- **What the task requires**
Once the pictures are removed, restate the listing word for word.

- **Provided material**
******************************

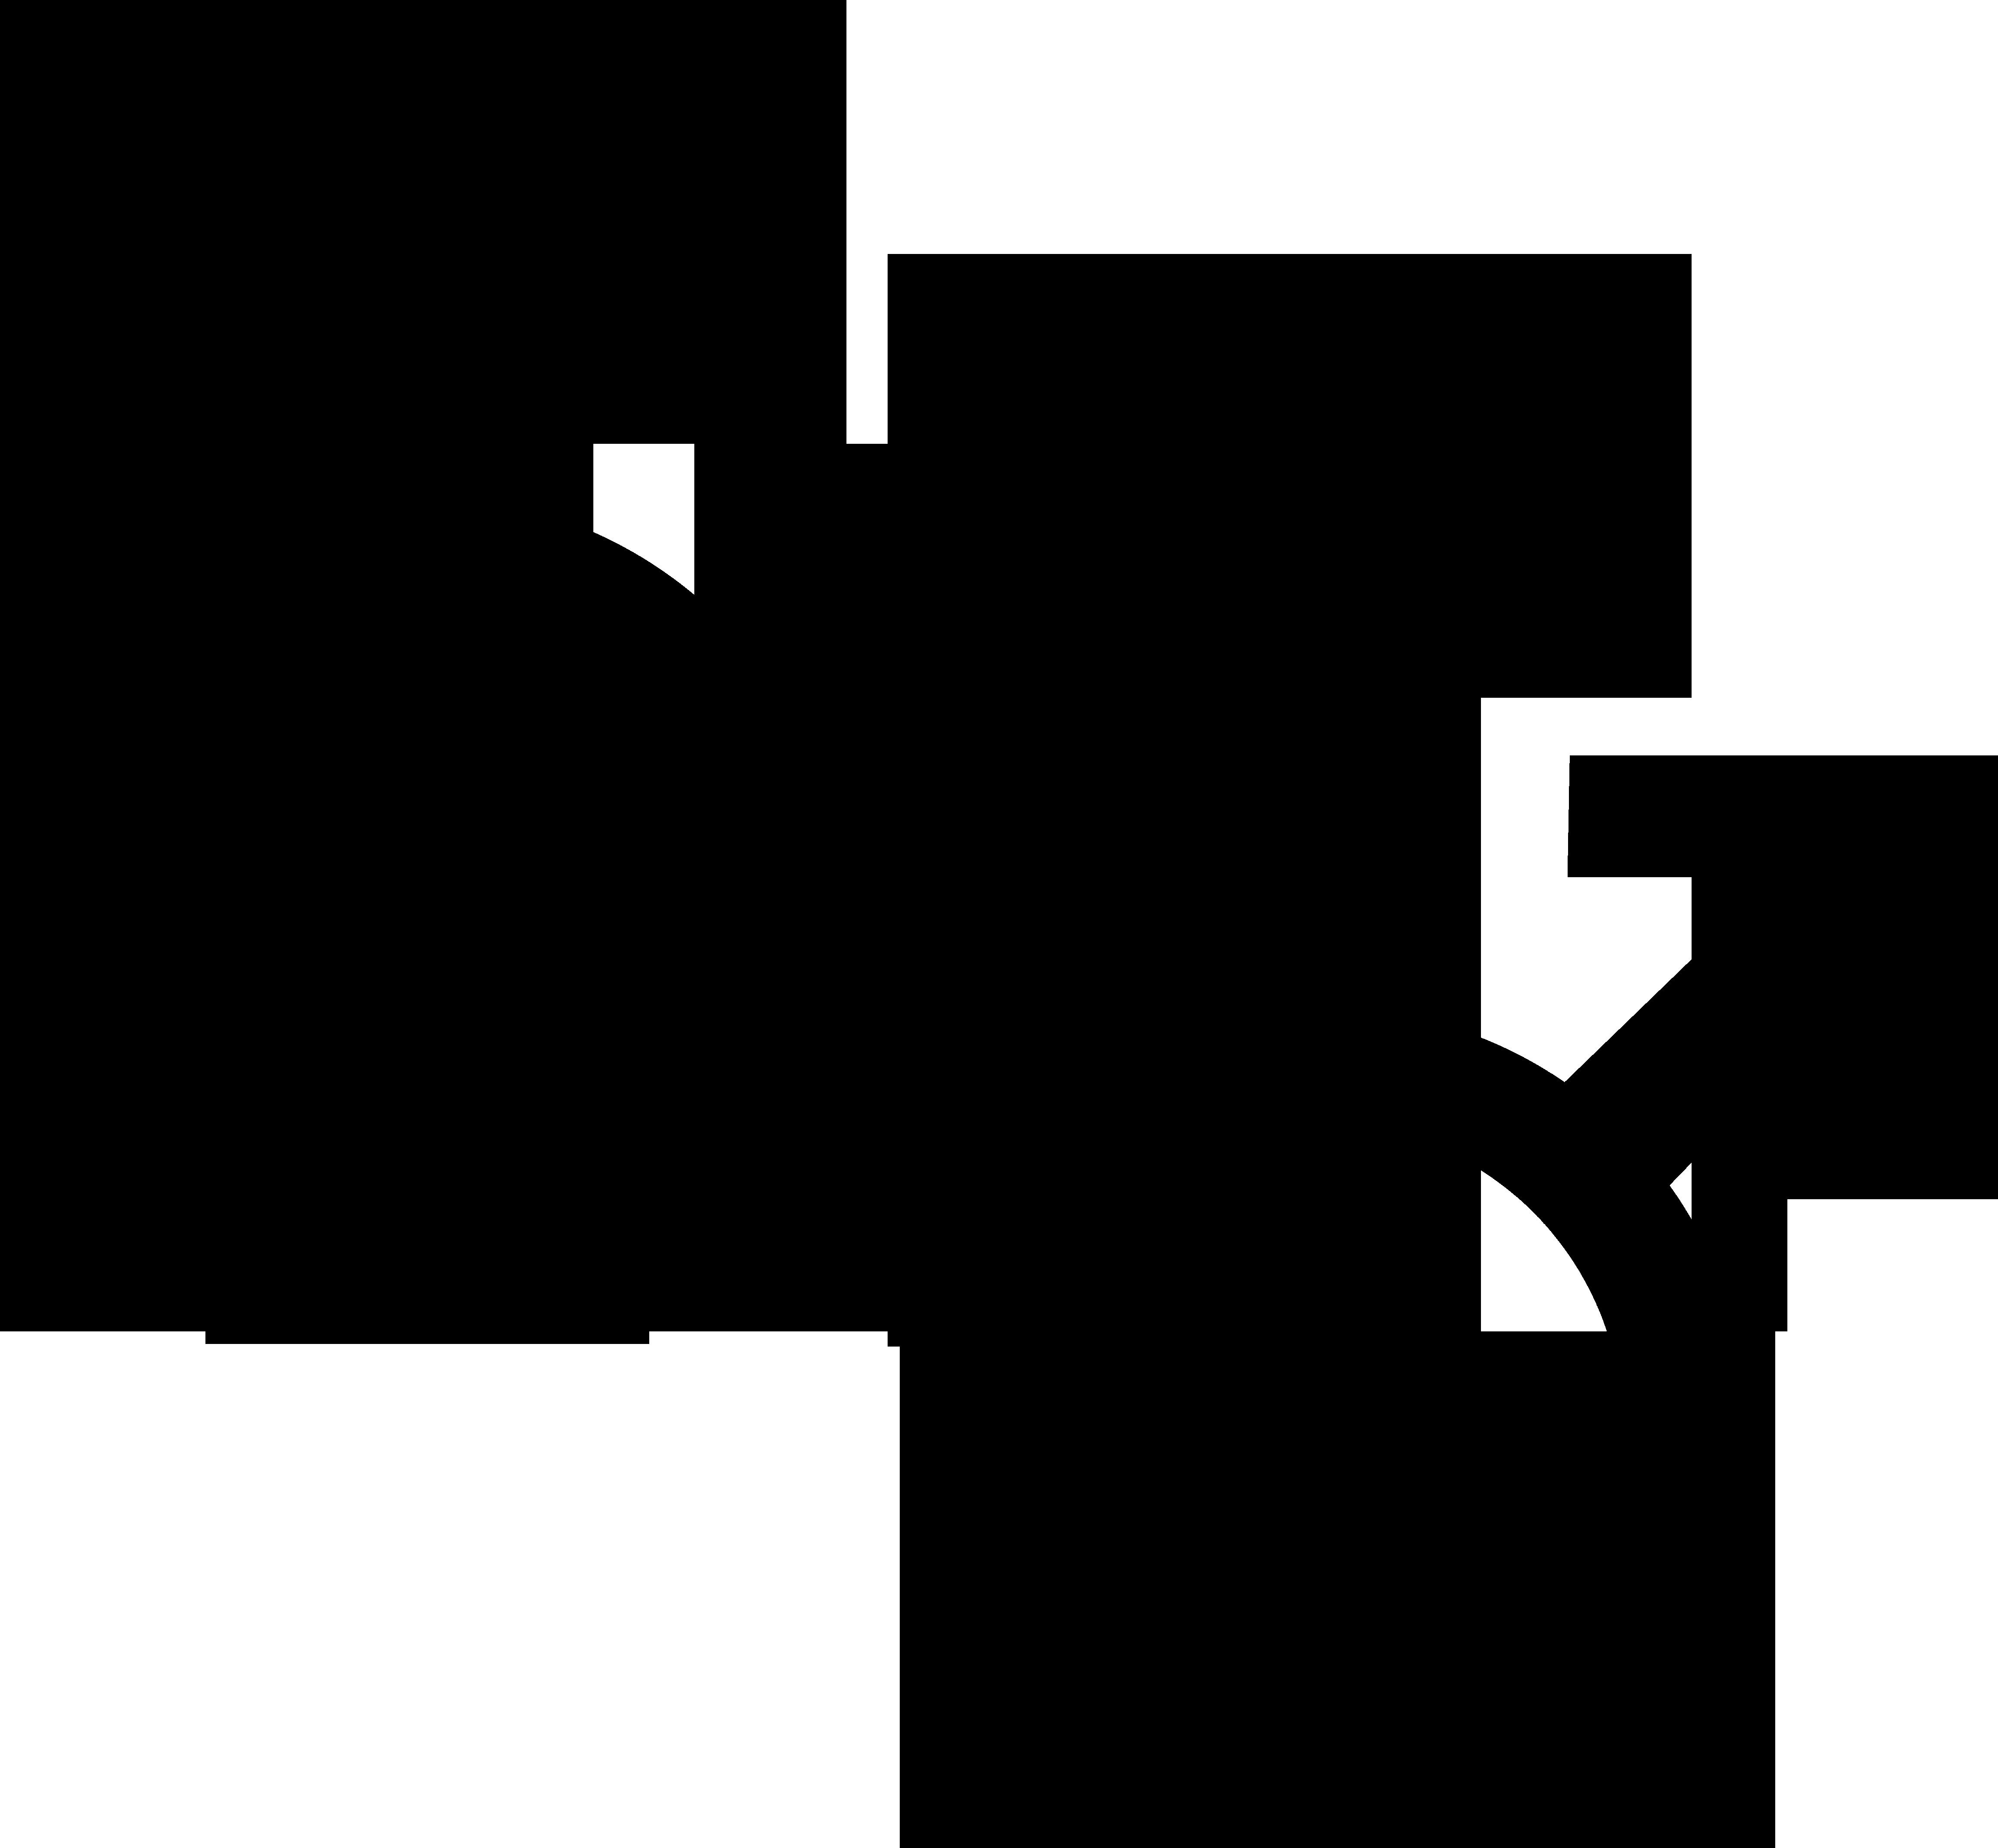 Nonbinary man symbol interlocked with nonbinary and Mars symbols.
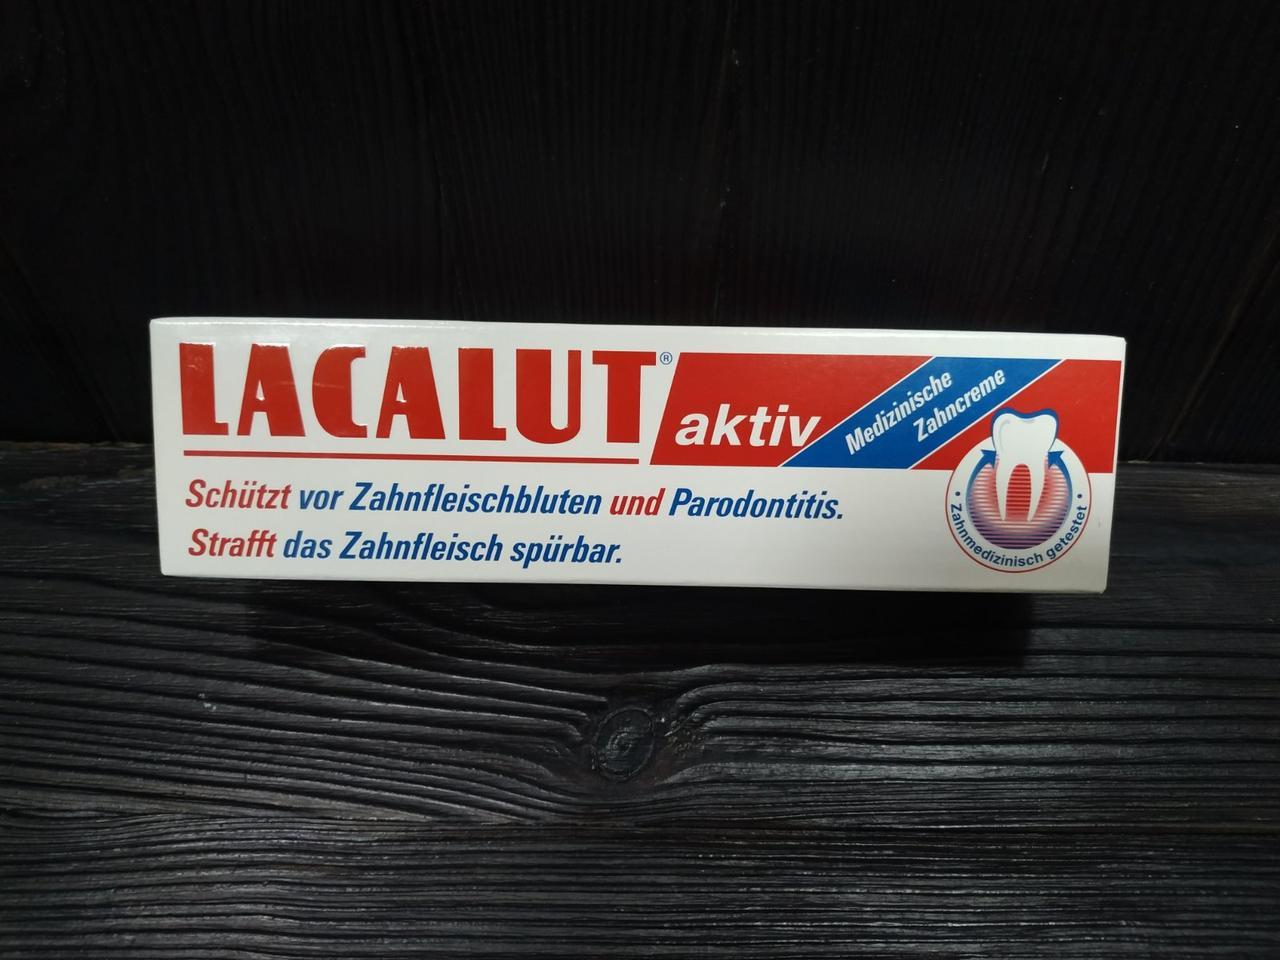 Lacalut Aktive зубная паста 100 ml Германия
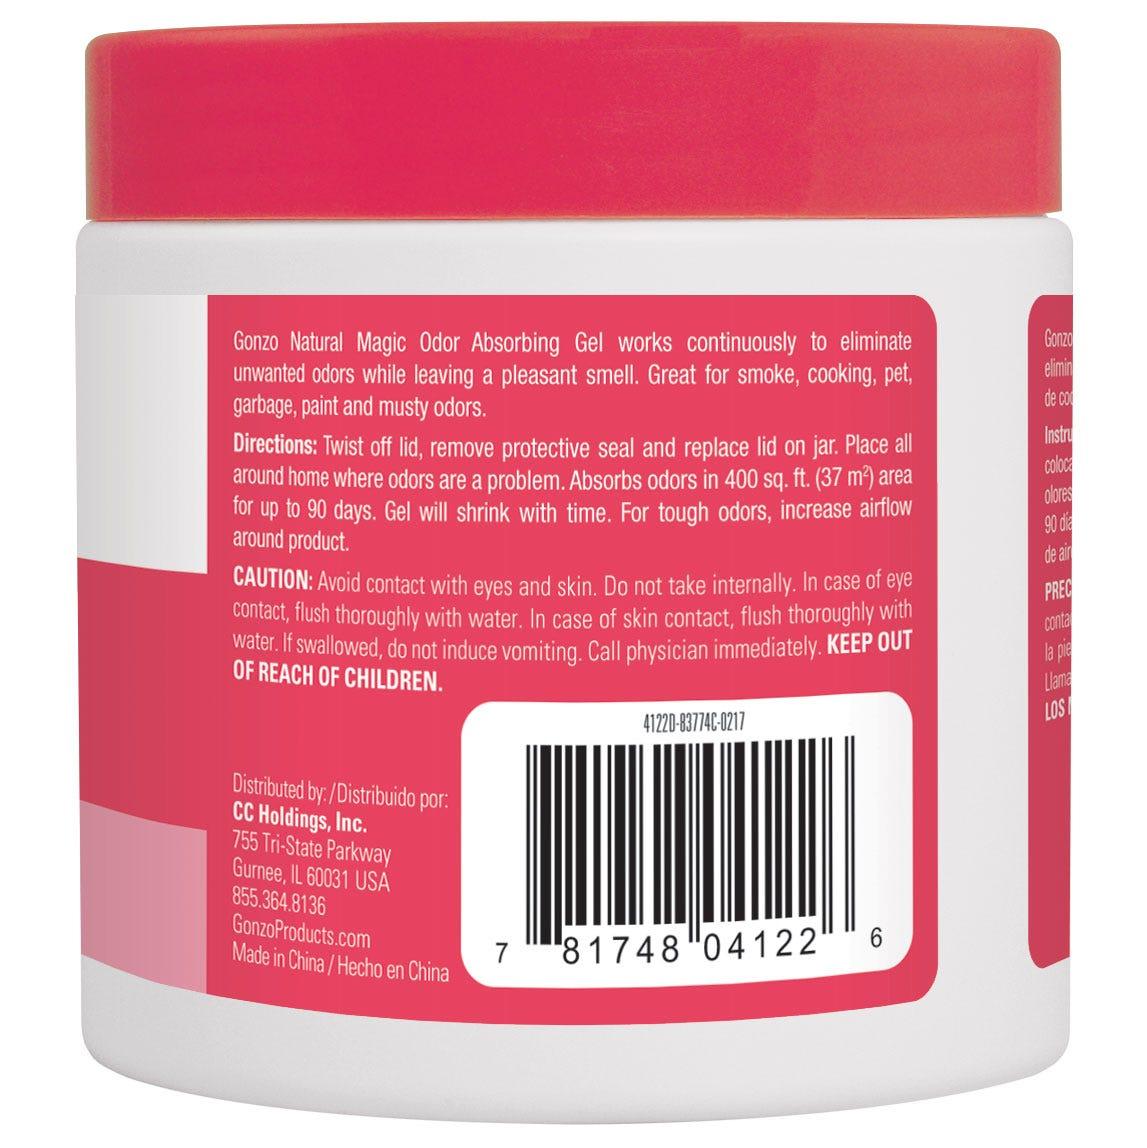 https://googone.com/media/catalog/product/t/r/tropical-odor-absorber_back.jpg

******************************

- **Answer to this problem**
 Nonbinary man symbol interlocked with nonbinary and Mars symbols.
 Lacalut Aktive зубная паста 100 ml Германия
 https://googone.com/media/catalog/product/t/r/tropical-odor-absorber_back.jpg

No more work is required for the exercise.